(Input for this task begins)
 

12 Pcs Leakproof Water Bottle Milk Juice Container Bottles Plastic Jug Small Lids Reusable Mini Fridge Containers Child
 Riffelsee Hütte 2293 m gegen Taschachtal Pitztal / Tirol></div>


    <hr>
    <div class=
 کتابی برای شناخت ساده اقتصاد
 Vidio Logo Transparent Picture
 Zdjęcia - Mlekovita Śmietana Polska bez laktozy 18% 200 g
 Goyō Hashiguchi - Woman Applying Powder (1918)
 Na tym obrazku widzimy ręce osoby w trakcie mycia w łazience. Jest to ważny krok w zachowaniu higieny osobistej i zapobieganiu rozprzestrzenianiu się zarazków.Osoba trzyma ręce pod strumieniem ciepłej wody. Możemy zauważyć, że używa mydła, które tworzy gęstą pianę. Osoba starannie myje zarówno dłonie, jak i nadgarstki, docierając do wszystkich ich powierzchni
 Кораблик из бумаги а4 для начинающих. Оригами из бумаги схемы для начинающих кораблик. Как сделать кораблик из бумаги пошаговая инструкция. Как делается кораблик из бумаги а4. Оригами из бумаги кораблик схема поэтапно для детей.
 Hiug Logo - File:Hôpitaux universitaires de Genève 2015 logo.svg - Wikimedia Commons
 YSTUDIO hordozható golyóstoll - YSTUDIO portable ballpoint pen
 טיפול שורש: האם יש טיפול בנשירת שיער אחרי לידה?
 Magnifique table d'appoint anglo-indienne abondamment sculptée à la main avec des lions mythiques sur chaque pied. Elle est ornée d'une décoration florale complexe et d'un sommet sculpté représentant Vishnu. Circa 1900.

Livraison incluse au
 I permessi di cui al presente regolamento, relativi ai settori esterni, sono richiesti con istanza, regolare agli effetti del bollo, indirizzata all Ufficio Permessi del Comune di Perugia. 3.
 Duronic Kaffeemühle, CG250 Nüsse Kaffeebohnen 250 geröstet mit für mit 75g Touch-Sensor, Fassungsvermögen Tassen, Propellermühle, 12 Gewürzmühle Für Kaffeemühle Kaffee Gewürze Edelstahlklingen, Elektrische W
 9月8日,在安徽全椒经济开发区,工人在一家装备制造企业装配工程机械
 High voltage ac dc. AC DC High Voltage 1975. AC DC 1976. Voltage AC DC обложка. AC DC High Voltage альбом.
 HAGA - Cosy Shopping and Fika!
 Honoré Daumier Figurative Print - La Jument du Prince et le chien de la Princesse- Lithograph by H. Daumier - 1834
(Input for this task ends)
**Exercise instructions**
Check each line of the records above for the string "Logo", and report every line that has it.

**Your solution**
 Vidio Logo Transparent Picture
 Hiug Logo - File:Hôpitaux universitaires de Genève 2015 logo.svg - Wikimedia Commons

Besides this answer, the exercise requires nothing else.